Previously, the limit remained unchanged if a foreign institutional investor reinvested the proceeds within five days.
However, the regulator on Tuesday completely shut this door for FIIs, declaring that such limits allocated to the investor would lapse either at the time of sale of the security or upon redemption.
'It has been decided that henceforth, re-investment period shall not be allowed for all new allocations of debt limits to foreign institutional investors/sub-accounts.

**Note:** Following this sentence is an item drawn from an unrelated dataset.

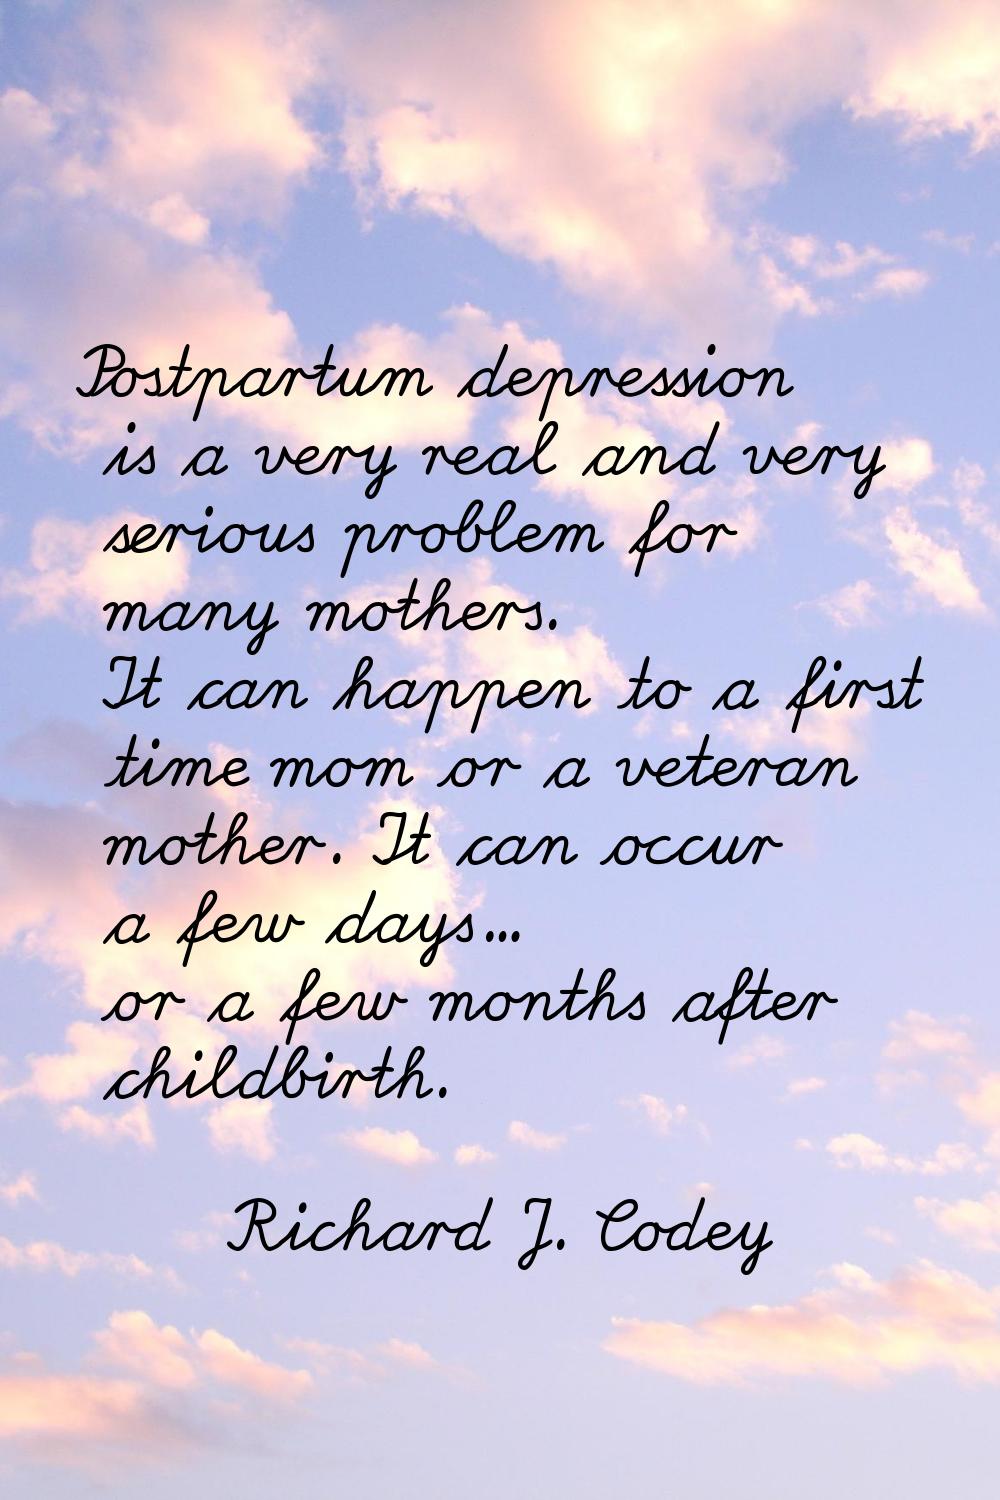 Postpartum depression is a very real and very serious problem for many mothers. It can happen to a 
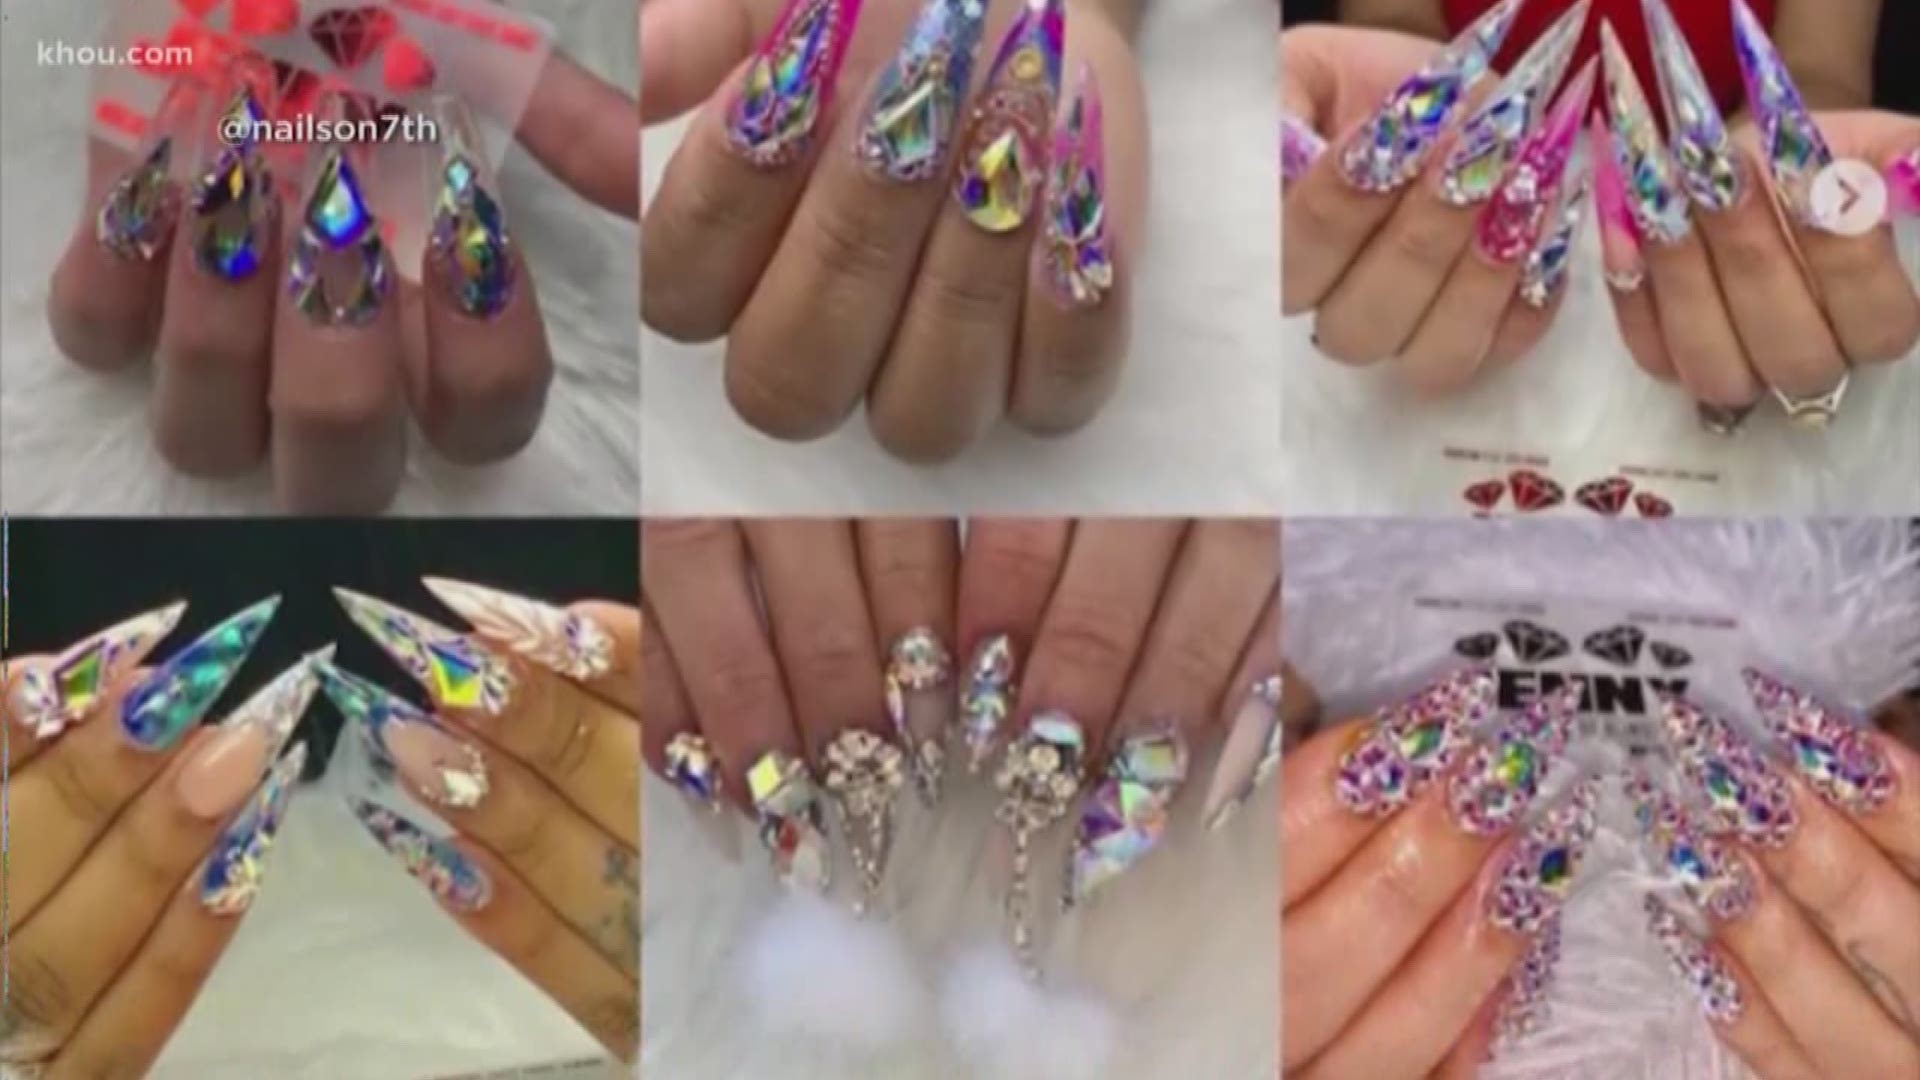 How to get nails like Cardi B? Visit... - ABC30 Action News | Facebook

Thus, the limits acquired in the bidding sessions henceforth shall expire/lapse on either sale or redemption at maturity of the debt investments,' SEBI said in a circular.
However, the regulator said, 'Fresh limits shall again be allocated in subsequent bidding processes.' It further said if an FII decides to exit its holdings in the long-term infrastructure fund category during the lock-in period, the limit shall automatically be transferred to the buyer of the instrument.
However, it added that if an investor decides to sell or redeem his holdings after the lock-in period, the limit shall expire or lapse.
On how FIIs/sub-accounts that currently hold limits/ investments will be treated, SEBI said the existing limits will expire if total sales made from the existing debt portfolio (current debt investment and the un-utilised limit
currently with the entity, if any) is twice the size of its debt portfolio as of on Tuesday, or upon expiry of two years from now (i.e. 2 January, 2014).
The regulator also clarified that FIIs/sub-accounts are not required to sell their debt holdings after they reach the threshold mentioned above and can continue to retain the debt investments beyond the threshold.
However, sale or redemption thereon will not be eligible for re-investment beyond this threshold.